二、远视的临床处方 远视,特别是中高度远视,容易诱发弱视或斜视,因此早期发现远视并及时做出最佳矫正方案比任何屈光矫正的需求都重要。由于远视者可动用自身的调节进行部分抵偿,如本书第四章所阐述,远视者存在“隐性远视”“显性远视”等,使得远视的验配更加复杂,必须具体问题具体分析。
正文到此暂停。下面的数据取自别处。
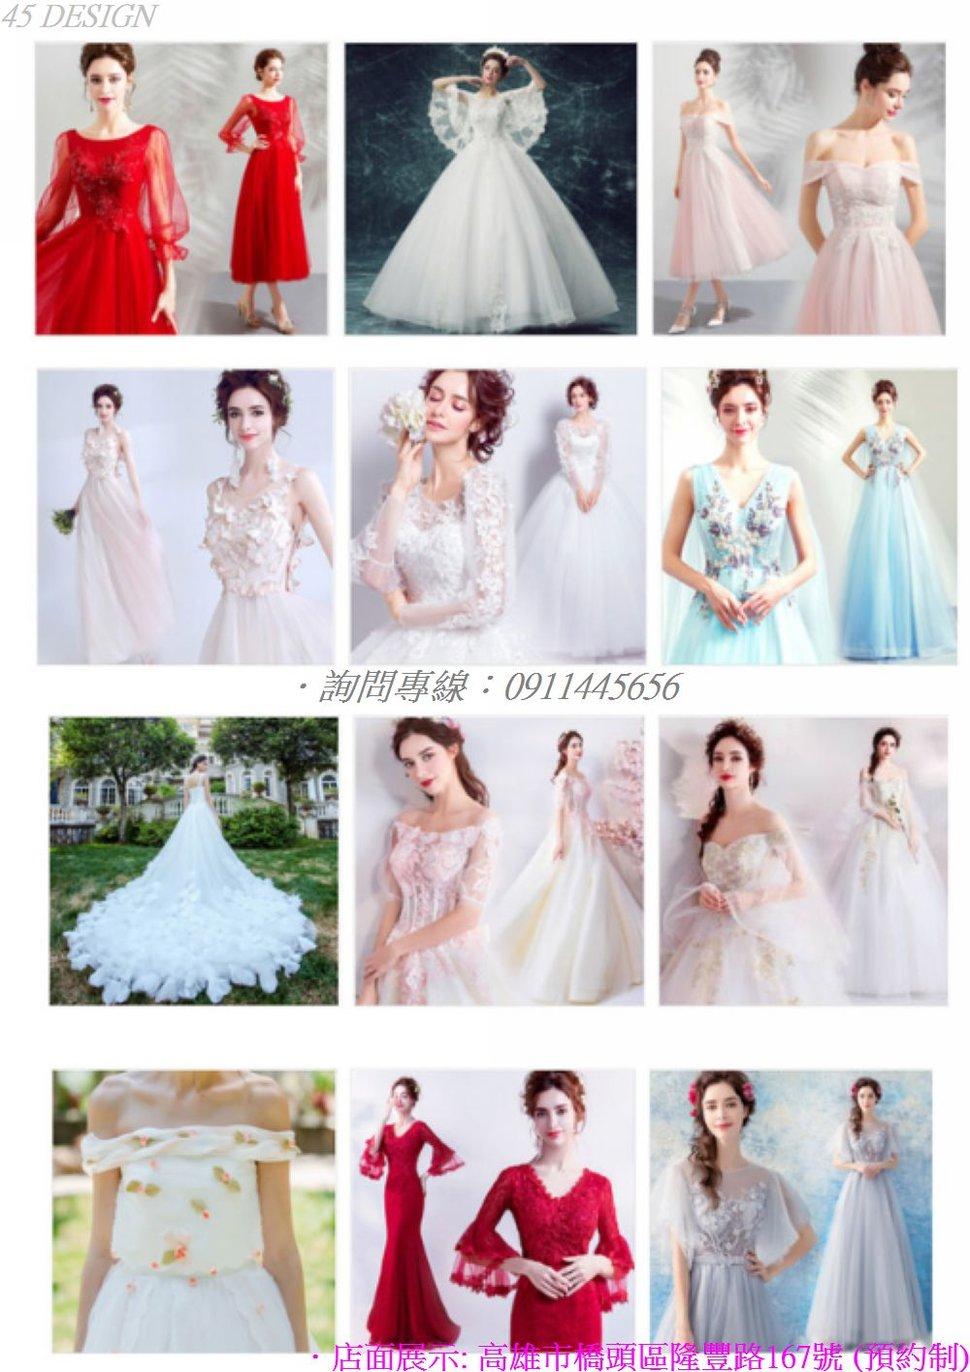 msl190815FF4D88B5178444DD82447ABBB93BD02F - 全台最便宜-45DESIGN四五婚紗禮服《結婚吧》

1.矫正远视与年龄 判断给予多少的正镜片进行代偿是一个比较复杂的问题,因为中低度远视患者的远视力很少受到影响,而我们的目的更多情况下是要缓解患者的症状。对于大多数患者,适应正镜片都比较困难,因为他们觉得视力的改善不显著,在未矫正状态下,他们完全能用过多的调节而达到视力的提高。当这种视力的提高通过镜片矫正来实现时,尽管视力可能没有差异,患者也会感觉是“模糊”。这种“模糊”的感觉在有些患者是比较轻微的,但有些患者则反应很强烈。 为了减少适应的问题,检查所得的正镜片度数需要做一些调整,使患者保持一些额外的调节。要告诉患者所给予的镜片是用来缓解他的症状,减轻他调节的负担的,而不是提高视力的。 对远视患者处方原则的一般经验是:用处方来缓解患者的主诉,即如果患者无症状而且未表现出调节集合的异常,则不需要给予患者戴镜,只需进行随访观察;然而,如果患者一旦有症状,就需要给予一定度数的镜片。在远视矫正过程中,他们的年龄因素也很重要,要注意参考,因为随着年龄的增长,调节逐渐降低,显性远视逐渐提高。对于特定人群要采取特定的处方原则:小儿的眼轴比较短,大多都伴有轴性远视(+2 D~+3 D)。但这部分远视会随着眼球的正视化过程逐渐减少,一般在7岁左右转为正视,所以对于7岁以前的小儿可先不行矫正,但如果由于眼球的发育不良而引起高度远视或引起弱视或内斜视,应尽可能早期发现,尽早用眼镜进行矫正。以下是各年龄段的远视患者的一般矫正规则: (1)刚出生到6岁,除非患儿表现出视力和双眼视功能的异常,显性远视即使达2D左右,可不需要矫正; (2)6~20岁,如果症状确实,可给予正镜片矫正,但一般主张保守。如果都给予全矫,会由于习惯性的调节而出现视物模糊。由于年龄轻,调节相对较强,正镜度数应做较大减量以利于适应; (3)20~40岁的成人患者,屈光状态已经比较稳定。随年龄增长调节幅度逐渐下降,隐性远视逐渐转换为显性远视。如果出现症状,远距离可给予正镜片矫正,度数可做适度减量;近距离则需全矫; (4)40岁后,患者逐渐开始老视,随着显性远视的增加,看近、看远都需要正镜片矫正。远距离可做少许减量,近距离应予以全矫。此年龄段可采用双光镜矫正; (5)内斜:尽可能全矫,有可能需要近附加; (6)外斜:给予部分矫正,以减少继发外斜的因素。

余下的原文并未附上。